• Home
  • Scientific results
  • Application of Machine Learning technology in Smart Grid Data Analysis - Dr. Yuan Zhihui

Application of Machine Learning technology in Smart Grid Data Analysis - Dr. Yuan Zhihui


Smart grid based on the physical power grid, the grid is a kind of for the future of the next generation of sustainable and environmentally friendly, it is based on the two-way information communication network, on the basis of the blend of the sensor measurement technology, communication technology, information technology, computer technology and intelligent decision-making and control technology and other advanced technology, can ensure the security and stability of power grid to work effectively. As shown in figure 1, a smart grid covering power generation, transmission, substation, power distribution and utilization, and scheduling and so on each link, the electric power market demand and function of each stakeholders in the coordinate, the ensure system run efficiently, reduce operating costs and the parts of environmental impact at the same time, as far as possible to improve the reliability of system, self-healing and stability. Its main features include meeting the needs of customers, allowing all kinds of distributed new energy power generation equipment to enter the network, resisting attack and self-healing from faults, and realizing on-demand allocation of power market resources. Data analysis is the core of big data processing in smart power grid. Due to the characteristics of massive, complex and diverse big data, many traditional small data analysis algorithms in the big data environment are no longer applicable, and new data analysis methods or existing data analysis methods need to be adopted or improved. In recent years, with the rapid development of Artificial Intelligence (AI) and big data technology, research on how to apply these new technologies and theories to improve the intelligent level of smart grid operation and management has increasingly attracted extensive attention from academia and industry at home and abroad. Among them, the smart power grid data analysis technology based on machine learning theory is one of the research hotspots in this field, which involves a wide range of disciplines, high technical complexity, and is still lack of system methodology and industry standards.
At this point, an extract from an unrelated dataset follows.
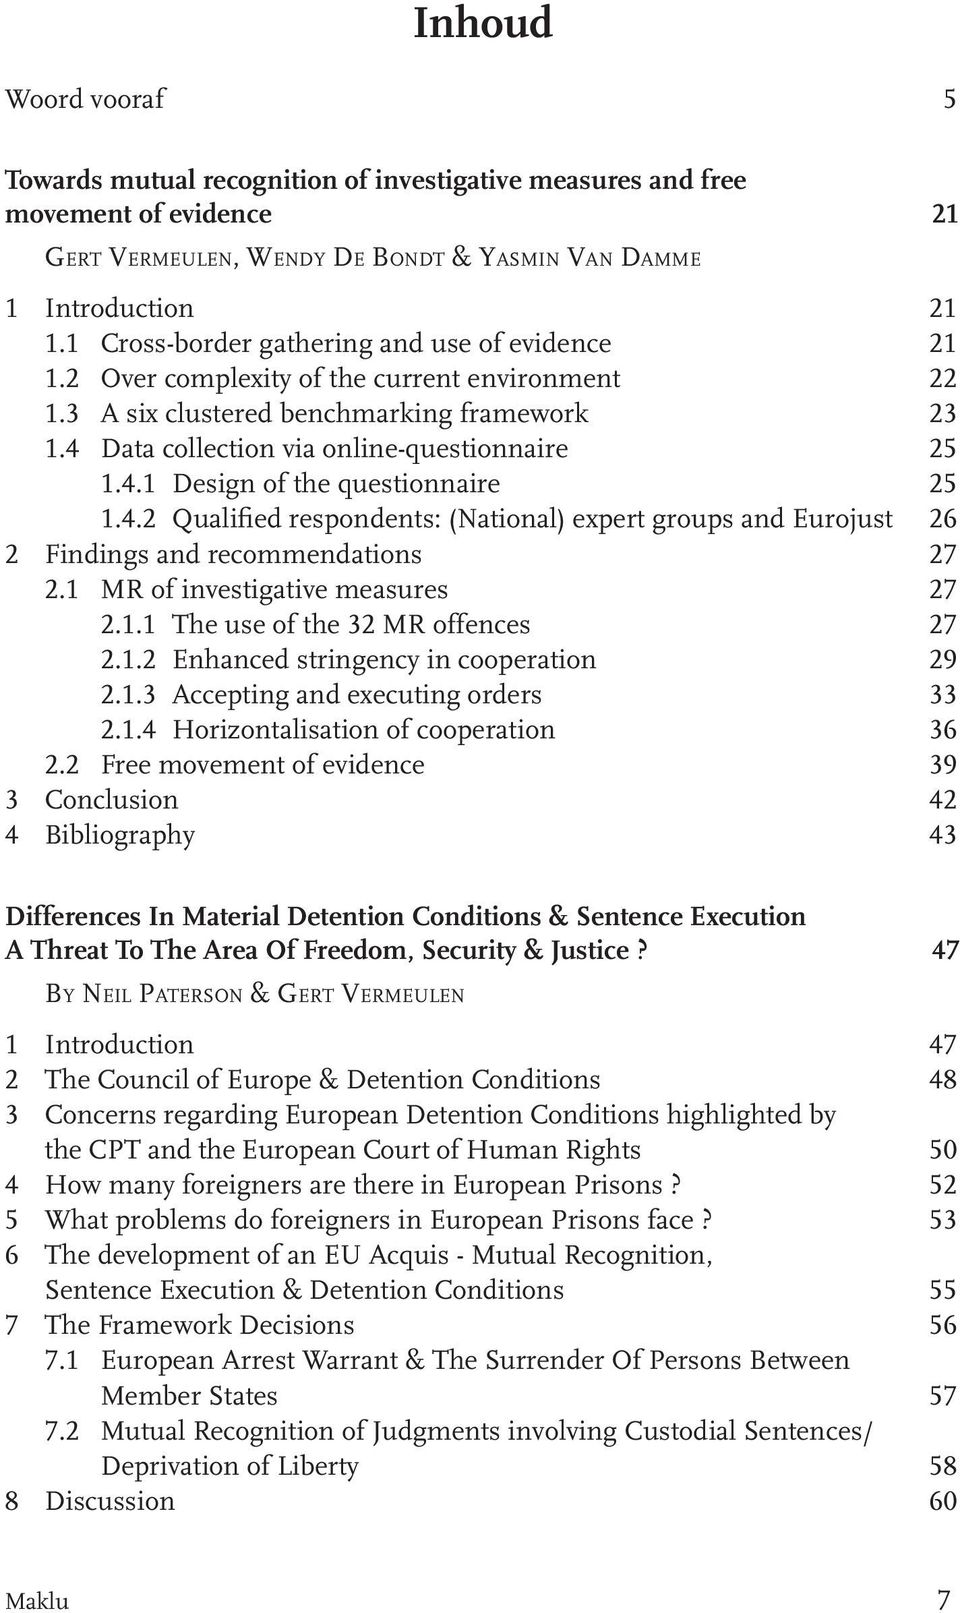 4.2 Qualified respondents: (National) expert groups and Eurojust 26 2 Findings and recommendations 27 2.1 MR of investigative measures 27 2.1.1 The use of the 32 MR offences 27 2.1.2 Enhanced stringency in cooperation 29 2.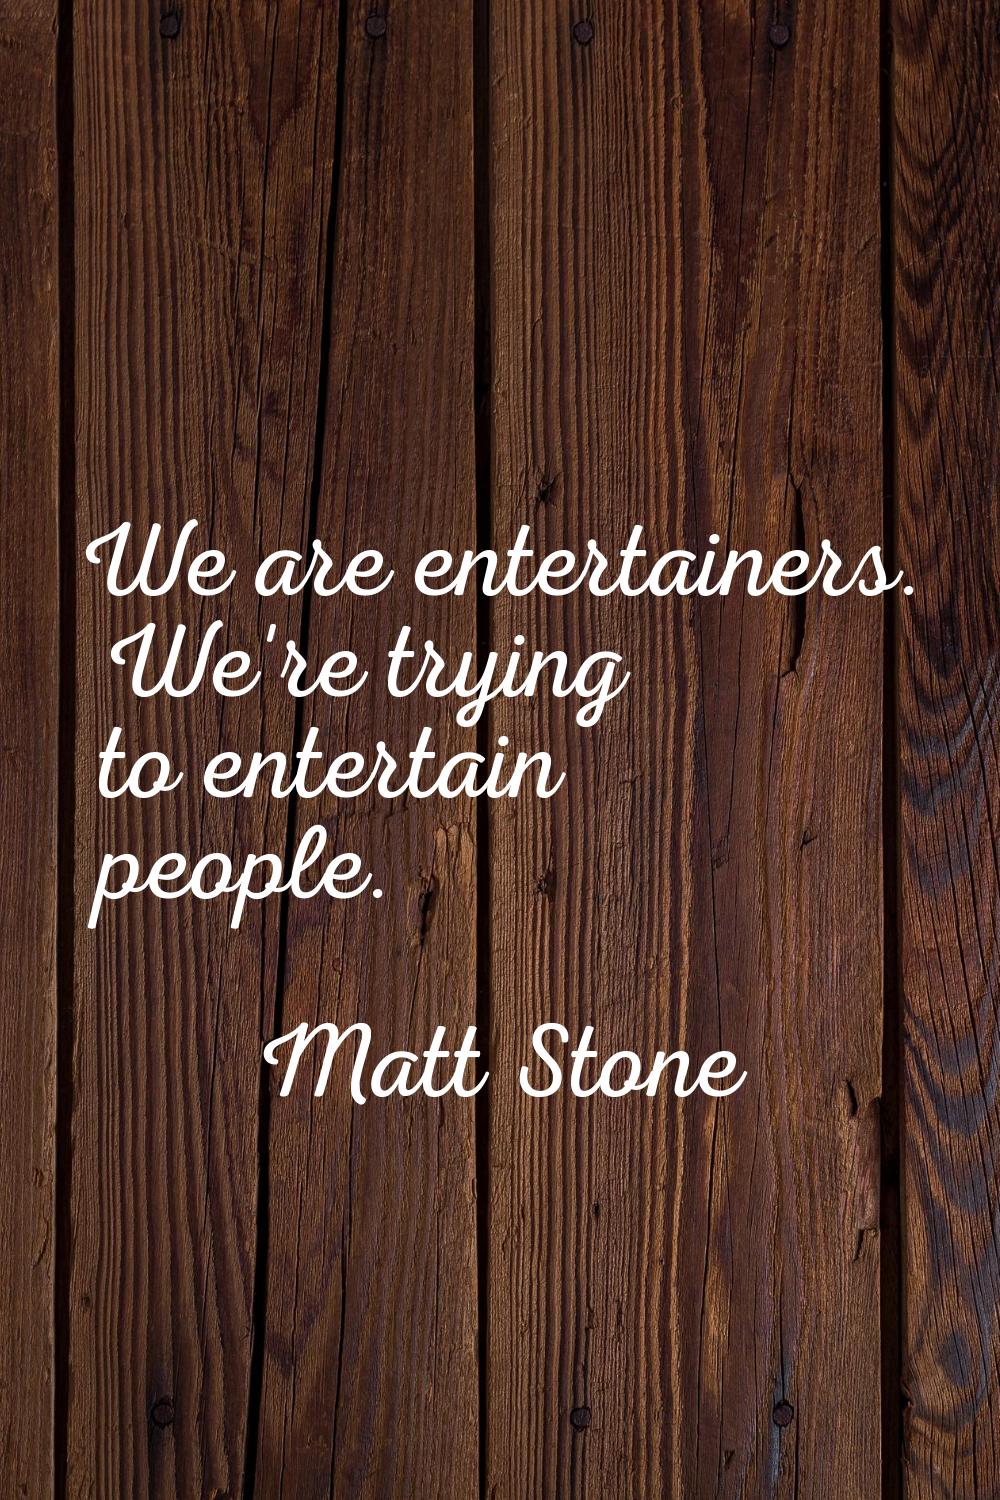 We are entertainers. We're trying to entertain people.

FIG. 1 Schematic diagram of smart grid

Machine learning theory is an important sub-field of AI, which involves multiple disciplines such as probability theory, convex analysis and matrix theory. It mainly studies how to obtain knowledge from data and use it for decision inference, and is one of the main means to realize AI. Machine learning can be broadly divided into supervised learning, semi-supervised learning, unsupervised learning and reinforcement learning according to the different information provided by training samples and feedback methods, as shown in Figure 2. These technologies are now widely used in various industries. In the context of smart power grid, it is necessary to use various analysis methods and give reasonable explanations based on domain knowledge according to specific application scenarios and information physical coupling characteristics of smart meter data and considering the computing performance of machine learning algorithm, so as to improve the quality and efficiency of service analysis.  


FIG. 2 Classification of machine learning

The data application research of smart grid is a systematic project, and the specific business implementation process is the result of the synergy and integration of several technologies. With the further development of power system business application, smart power grid data analysis requires more and more technical performance and integration. In recent years, analysis methods such as deep learning, deep reinforcement learning and data visualization have become important technologies for smart grid data analysis in order to obtain more accurate and deeper understanding from smart grid data. As an important part of machine learning, deep learning is mainly based on deep neural network to automatically extract and select high-level feature expression from raw data. Learning modes include supervised learning, semi-supervised learning and unsupervised learning. Deep learning architectures such as recurrent neural network, convolutional neural network and deep confidence network are widely used in computer vision, natural language processing, speech recognition, medical diagnosis and other fields, and have achieved performance comparable to or even better than that of human experts. The rise of deep learning mainly benefits from the support of software architecture, hardware platform and big data. The relationship between artificial intelligence, machine learning and deep learning is shown in Figure 3. In fact, machine learning is only a method to realize artificial intelligence, while deep learning is an important means to realize machine learning.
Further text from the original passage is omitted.